* **Required work**
When the line containing "Metallic hibiscus brocade" appears in the entries below, begin printing there and stop after the line containing "Europa, Portogallo, regione"; print each of those lines exactly and no other line.

* **Given records**
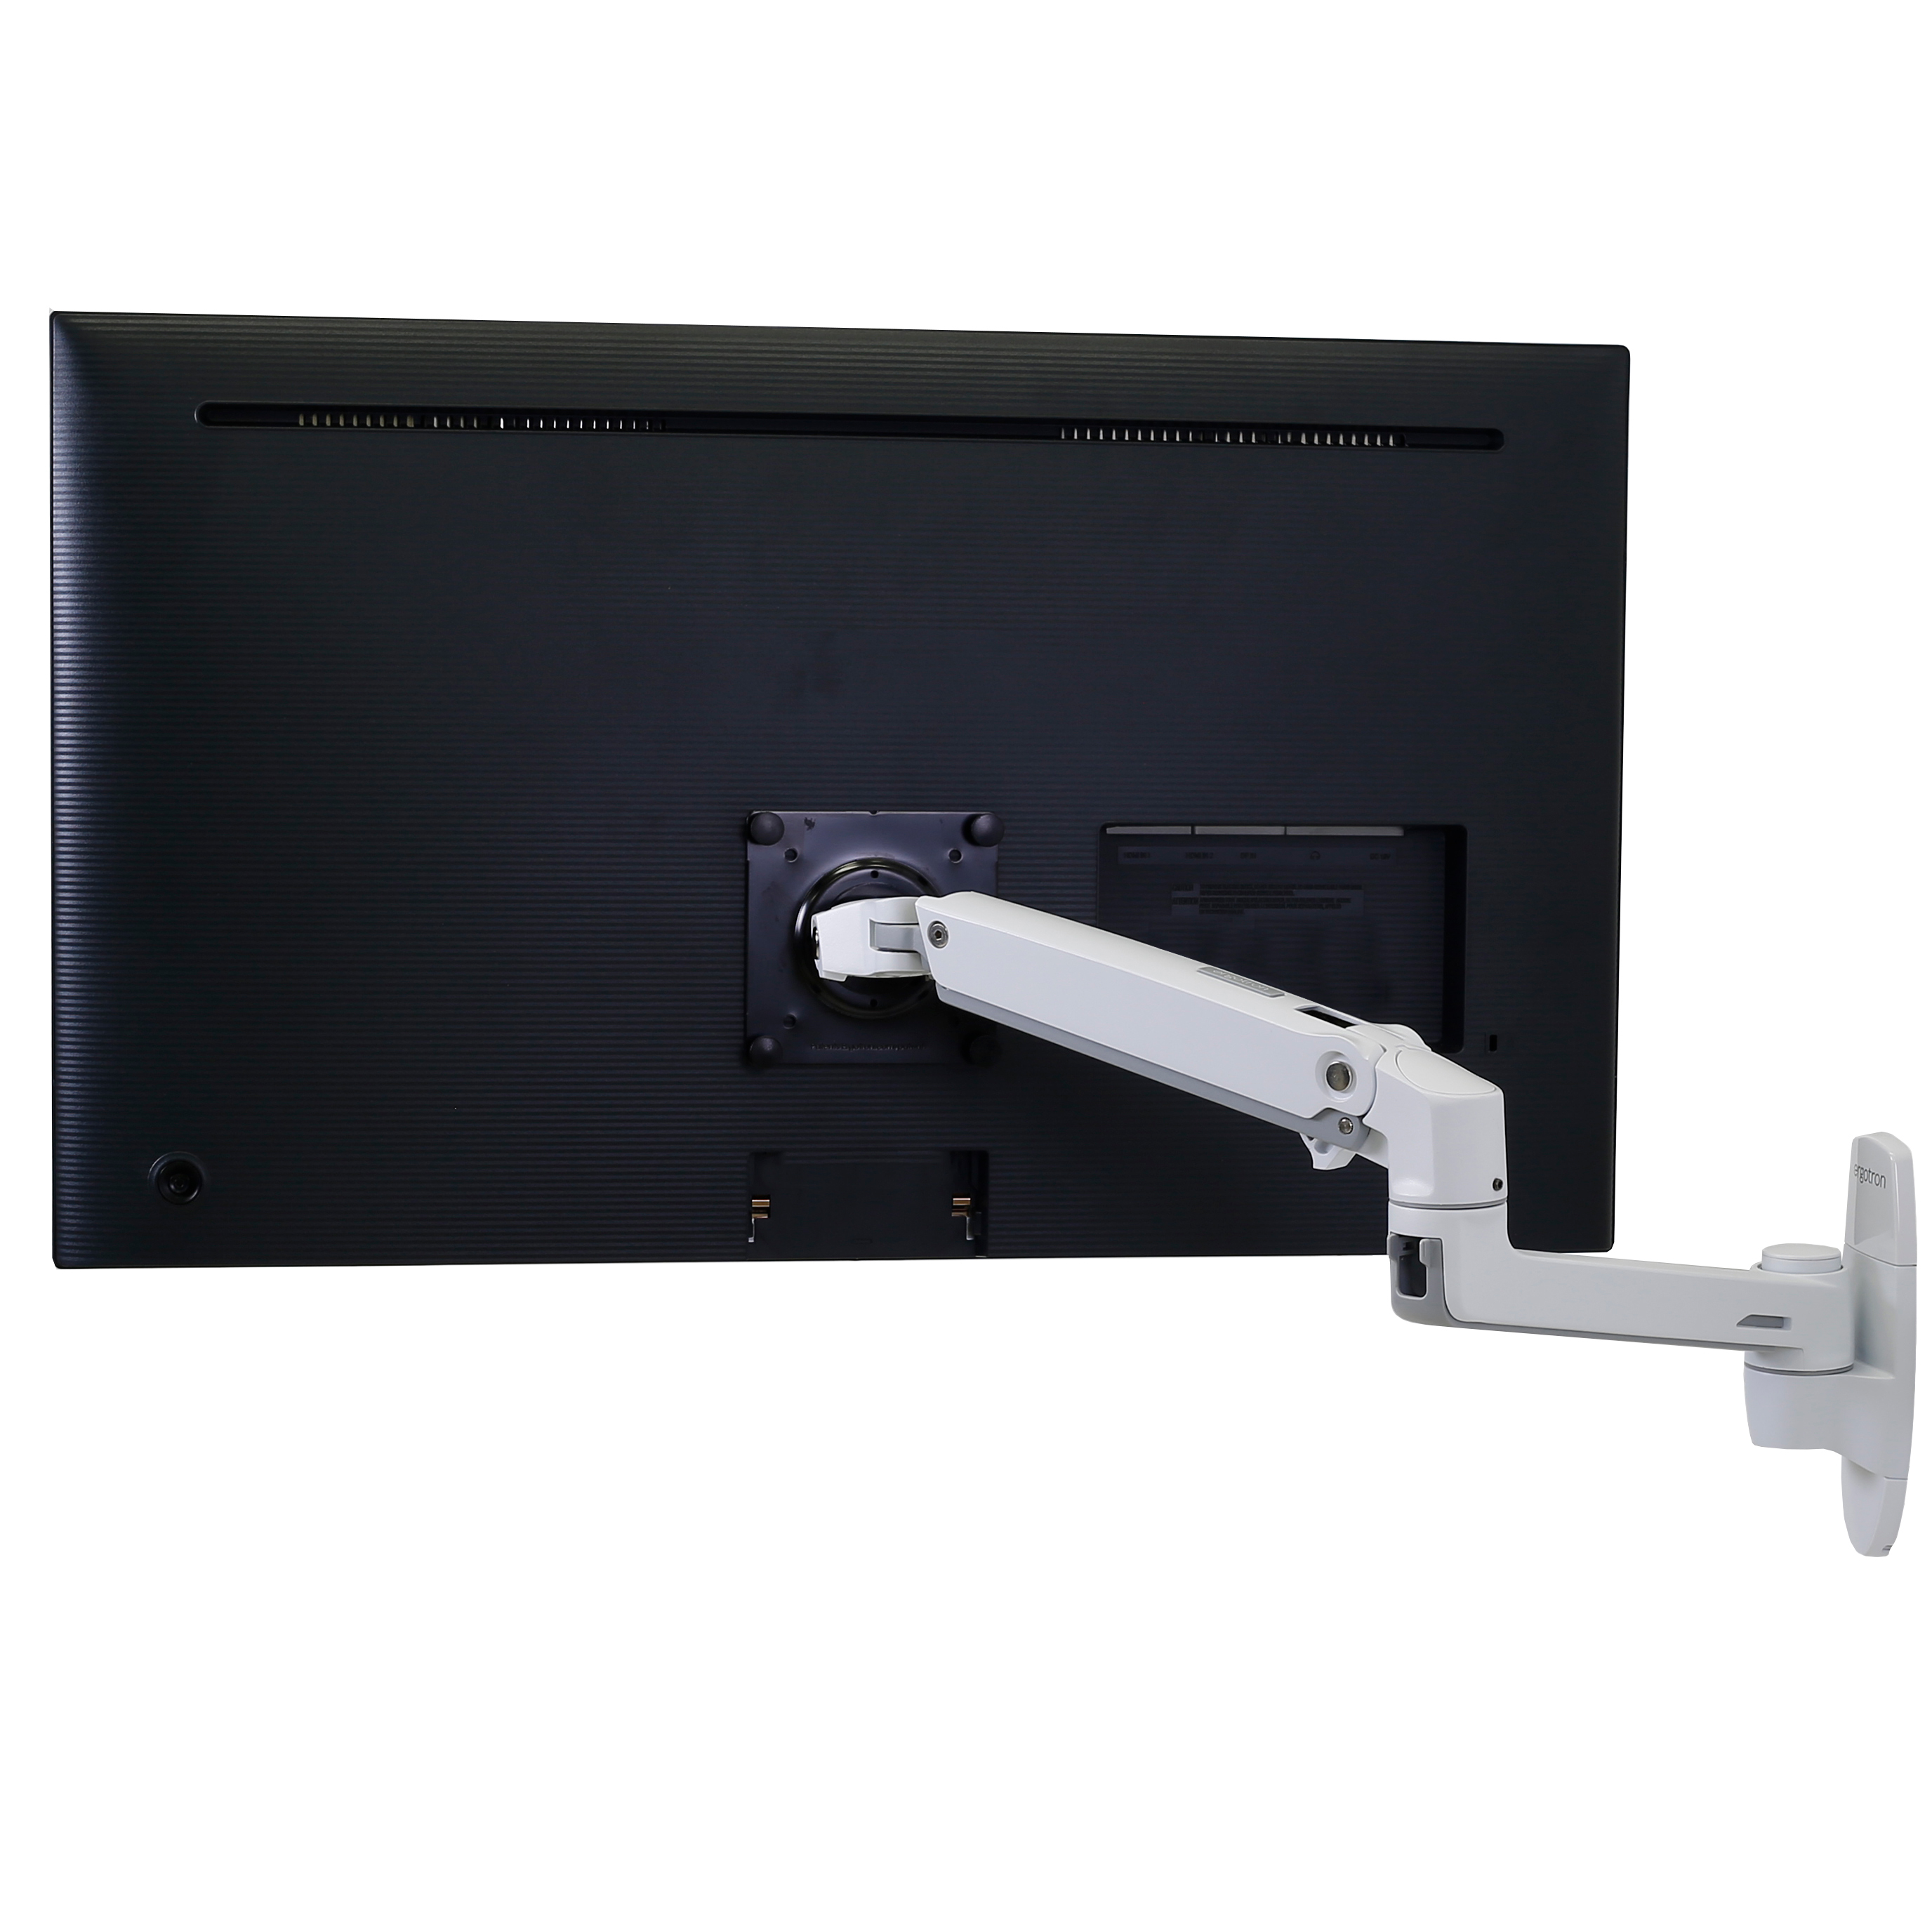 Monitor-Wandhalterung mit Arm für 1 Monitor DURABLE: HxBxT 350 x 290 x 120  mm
==
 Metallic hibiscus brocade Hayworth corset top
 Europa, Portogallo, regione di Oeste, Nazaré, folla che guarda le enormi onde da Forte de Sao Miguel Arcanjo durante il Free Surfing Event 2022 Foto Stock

* **Completed task**
 Metallic hibiscus brocade Hayworth corset top
 Europa, Portogallo, regione di Oeste, Nazaré, folla che guarda le enormi onde da Forte de Sao Miguel Arcanjo durante il Free Surfing Event 2022 Foto Stock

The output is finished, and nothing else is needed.